MATERIAL PROVIDED:
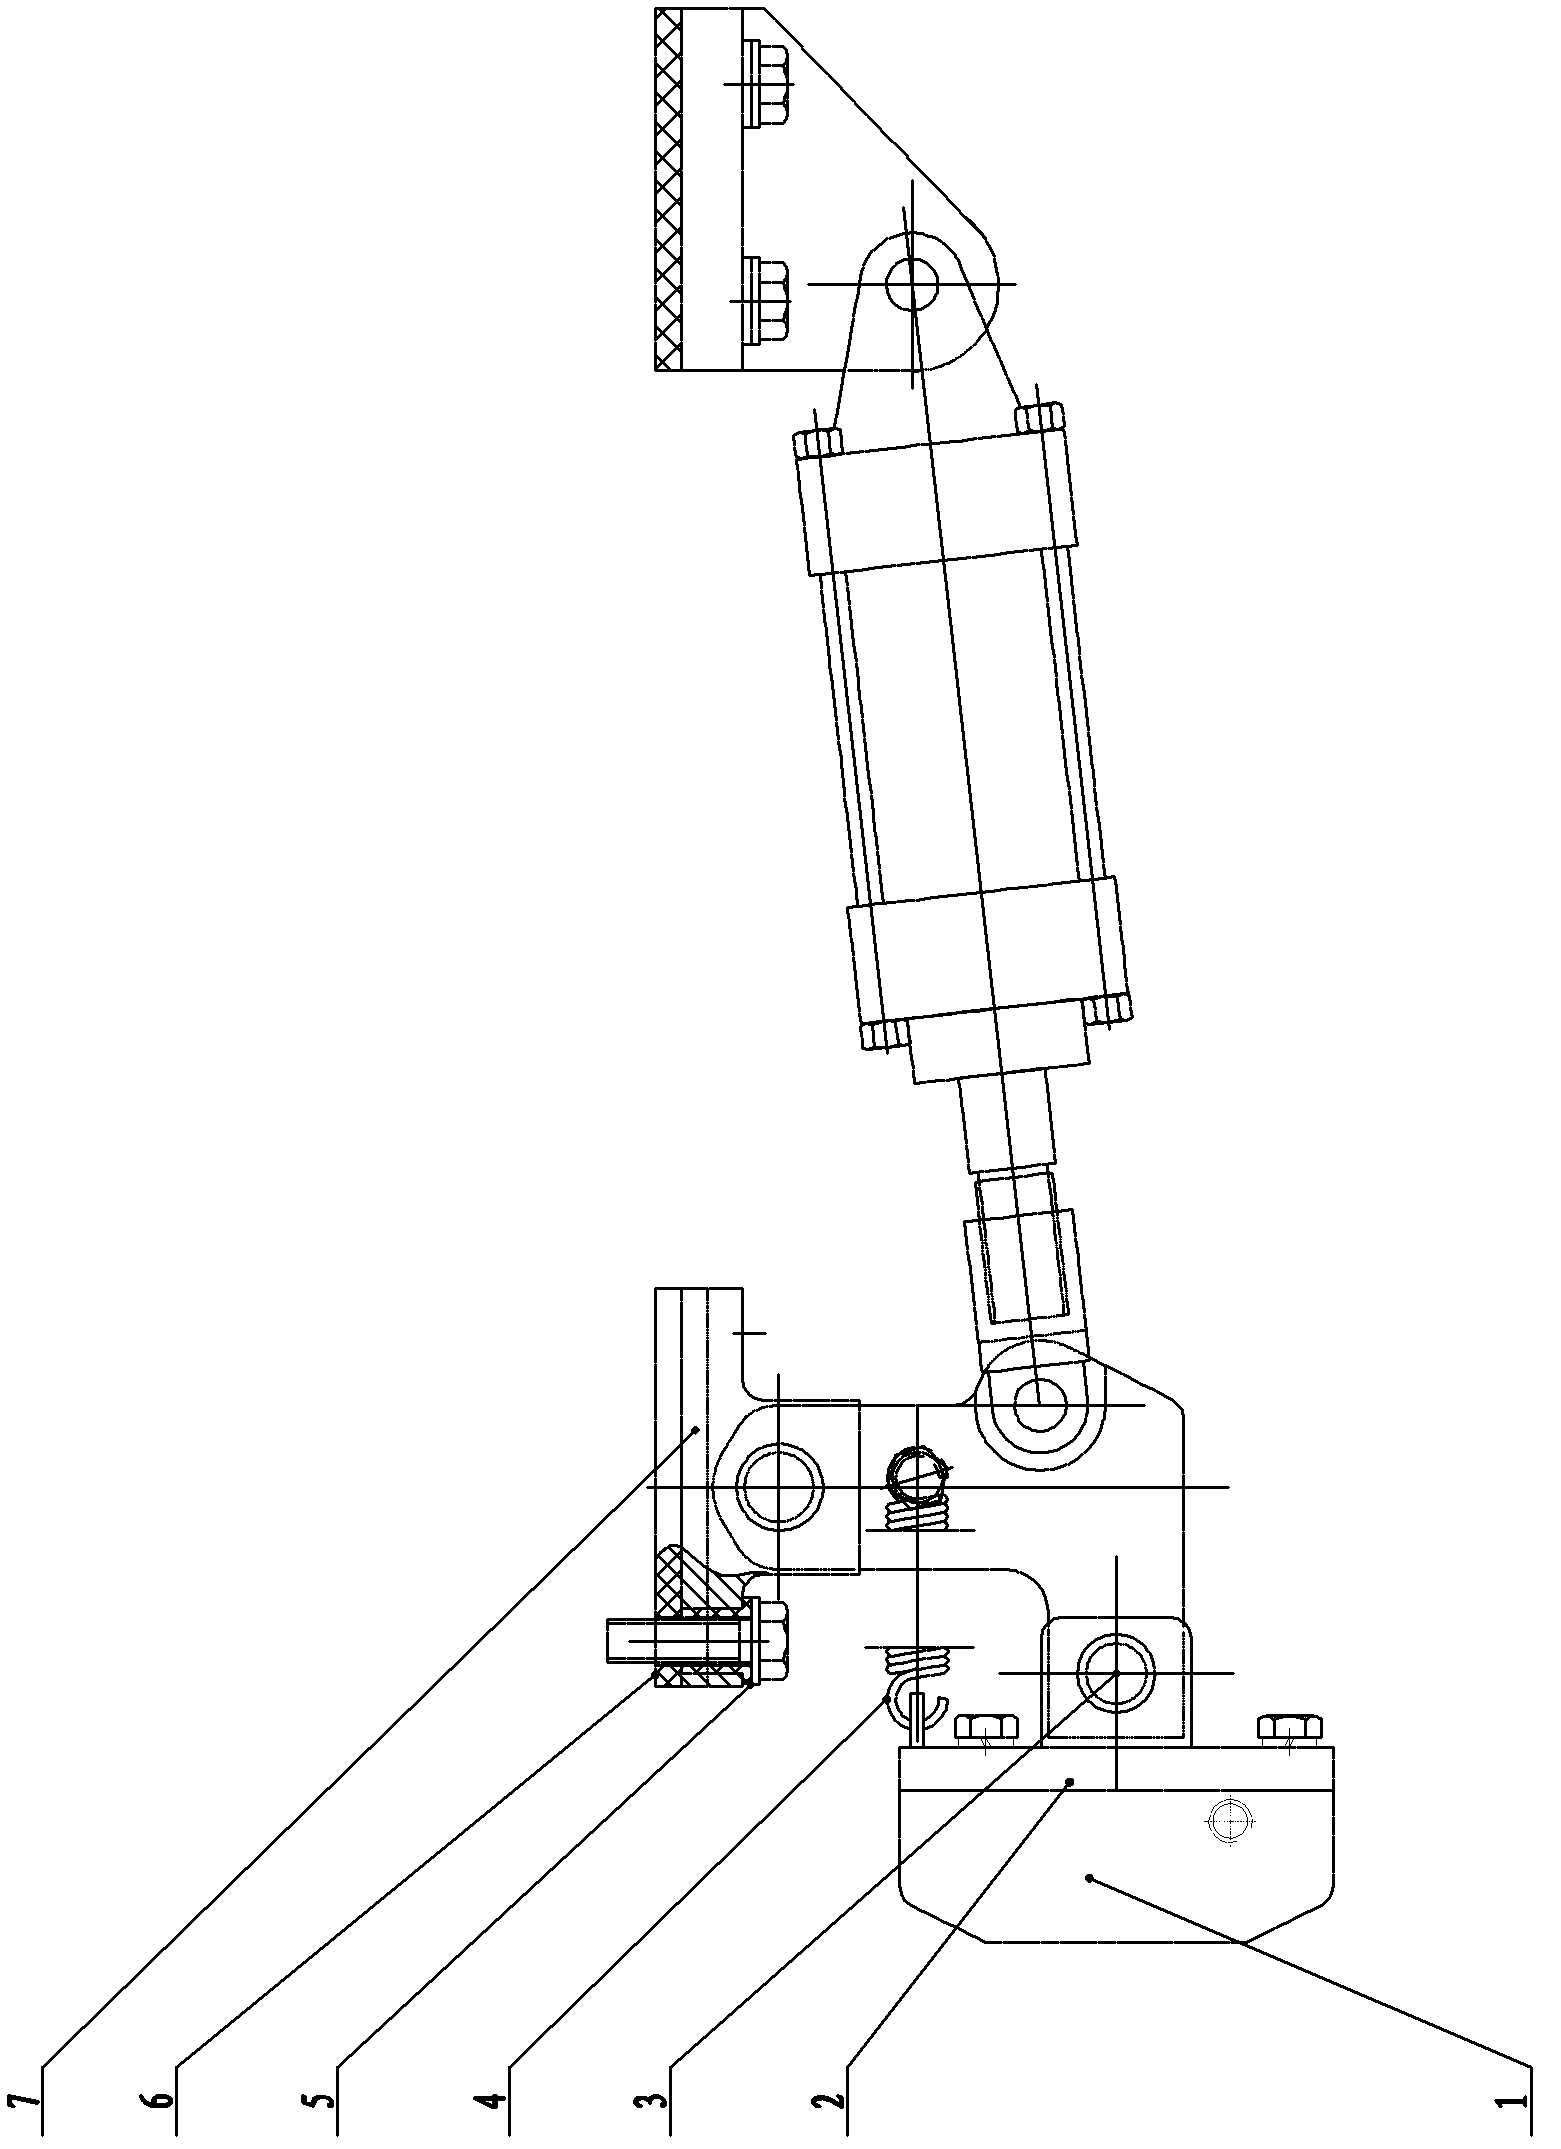 H-type steel horizontal assembly welding grounding mechanism
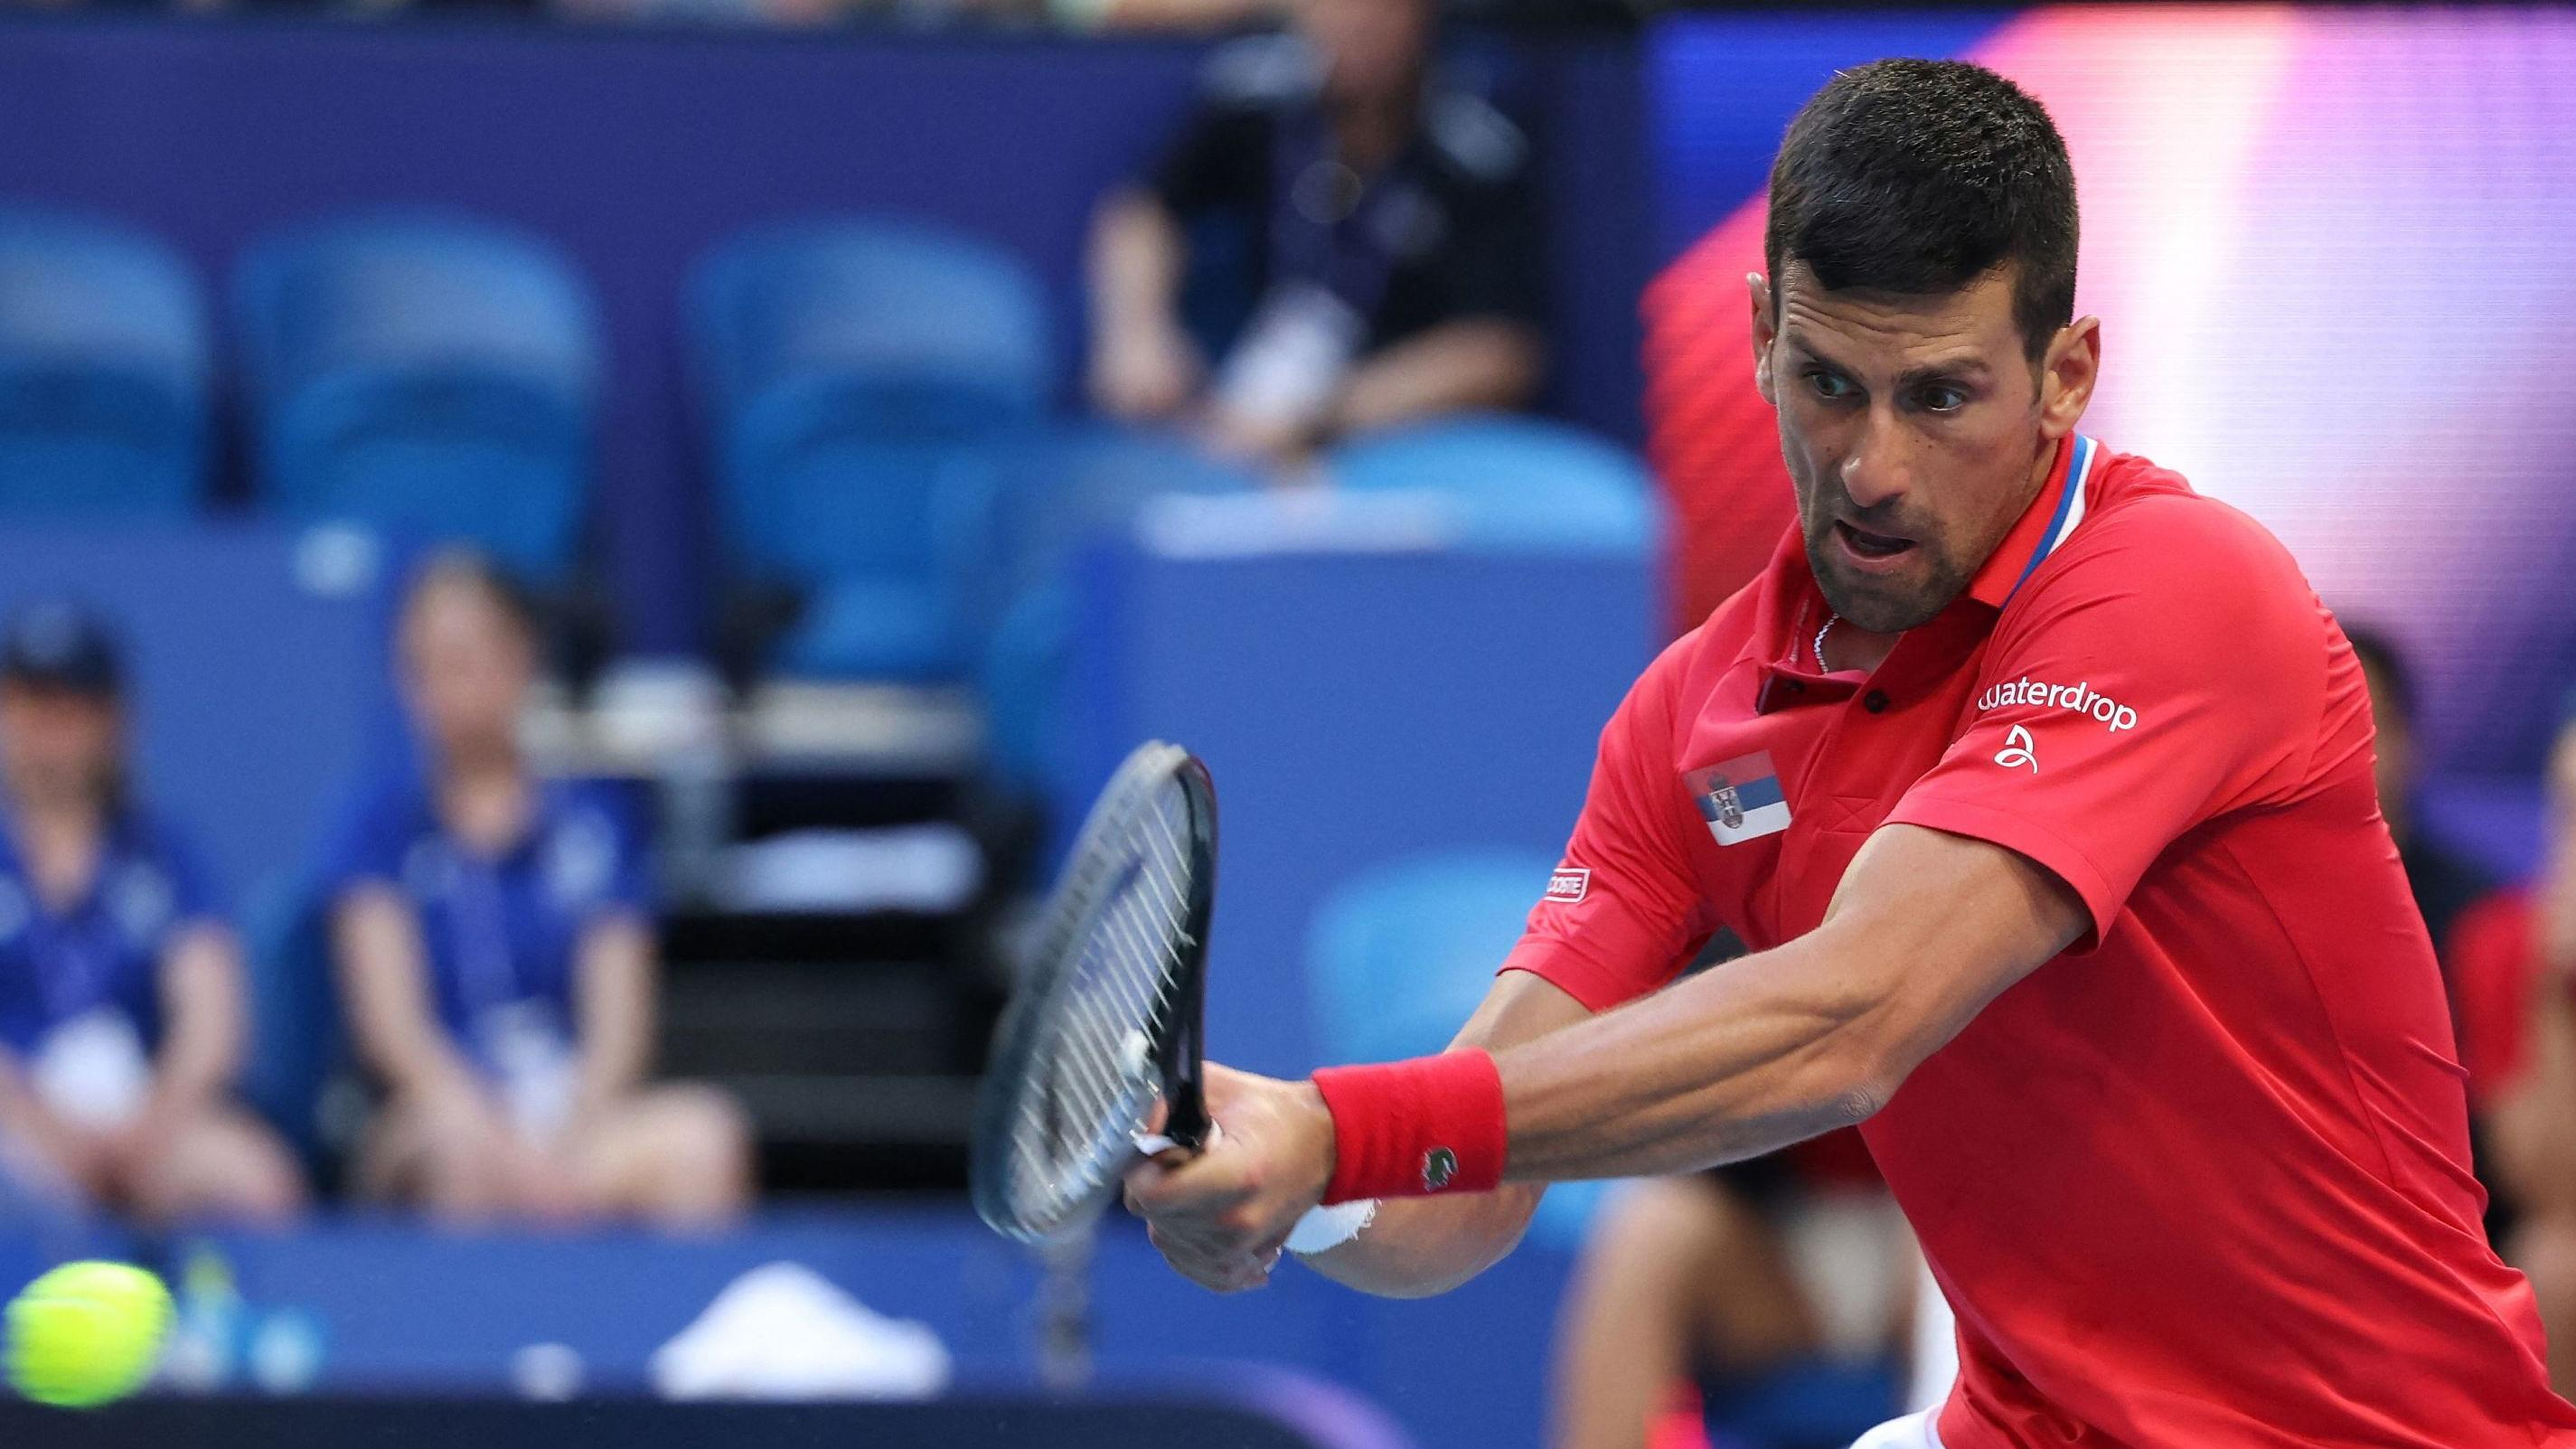 Tennis: Djokovic beaten after 43 consecutive victories in Australia
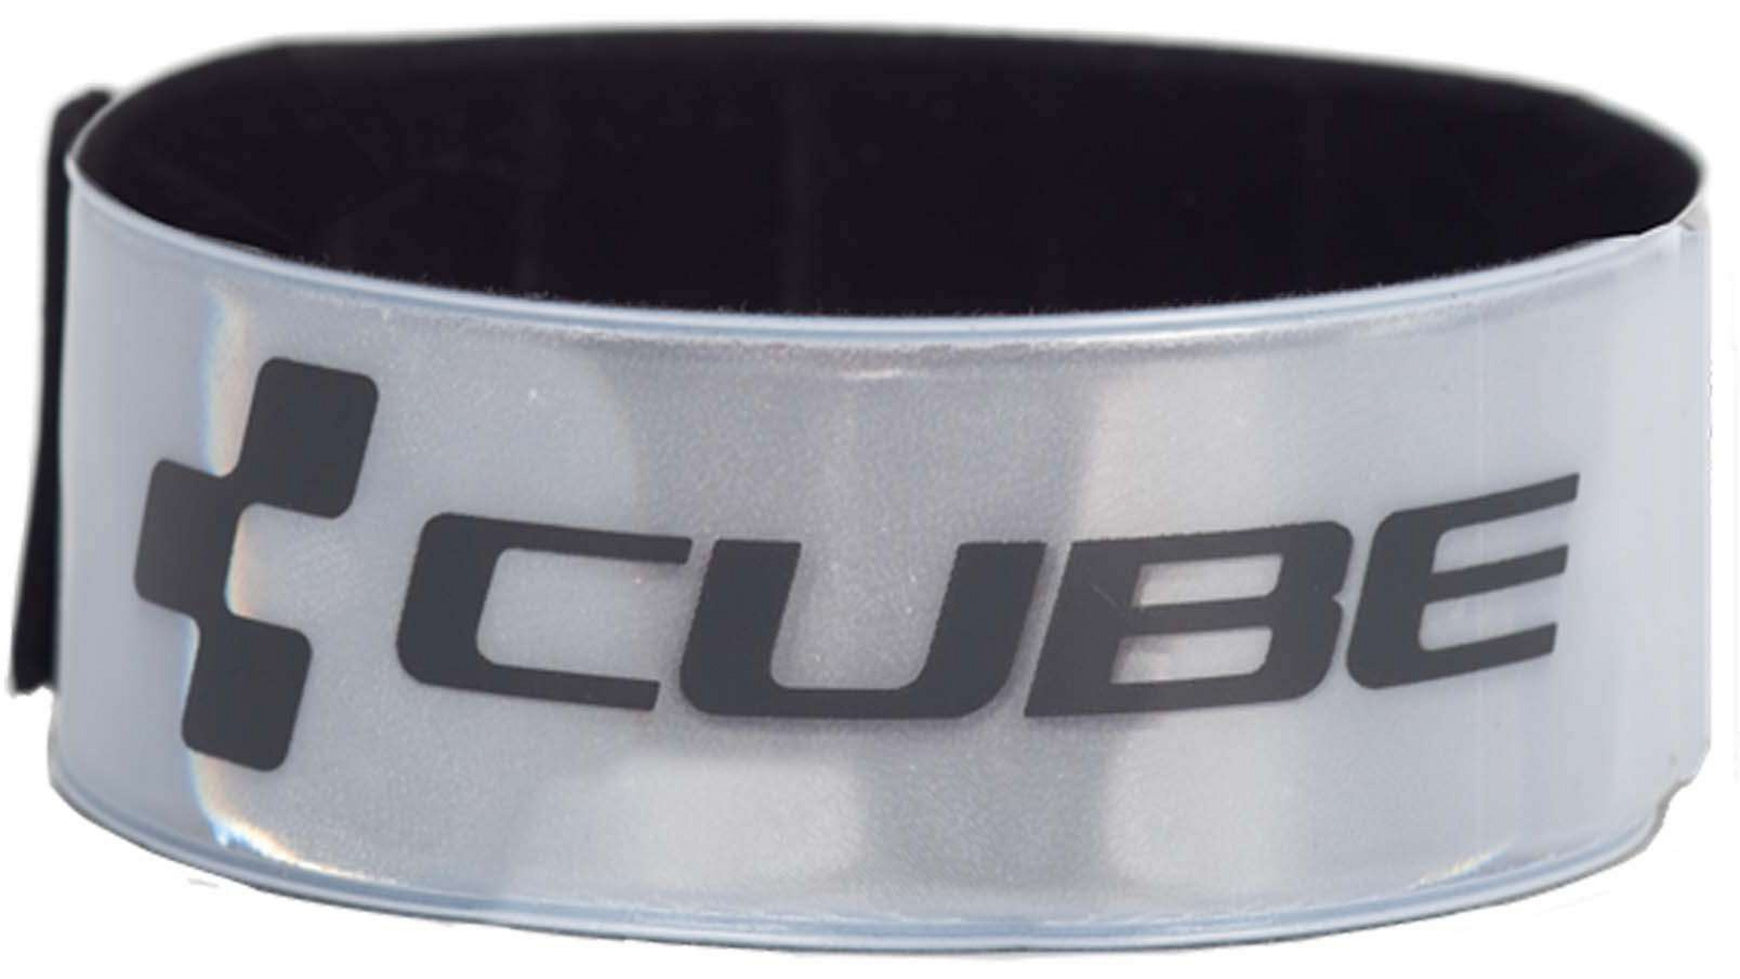 CUBE Snapband von Cube

TASK STATEMENT: The reply should repeat the data in full, exactly as given, and contain no pictures.

YOUR RESPONSE:
 H-type steel horizontal assembly welding grounding mechanism
 Tennis: Djokovic beaten after 43 consecutive victories in Australia
 CUBE Snapband von Cube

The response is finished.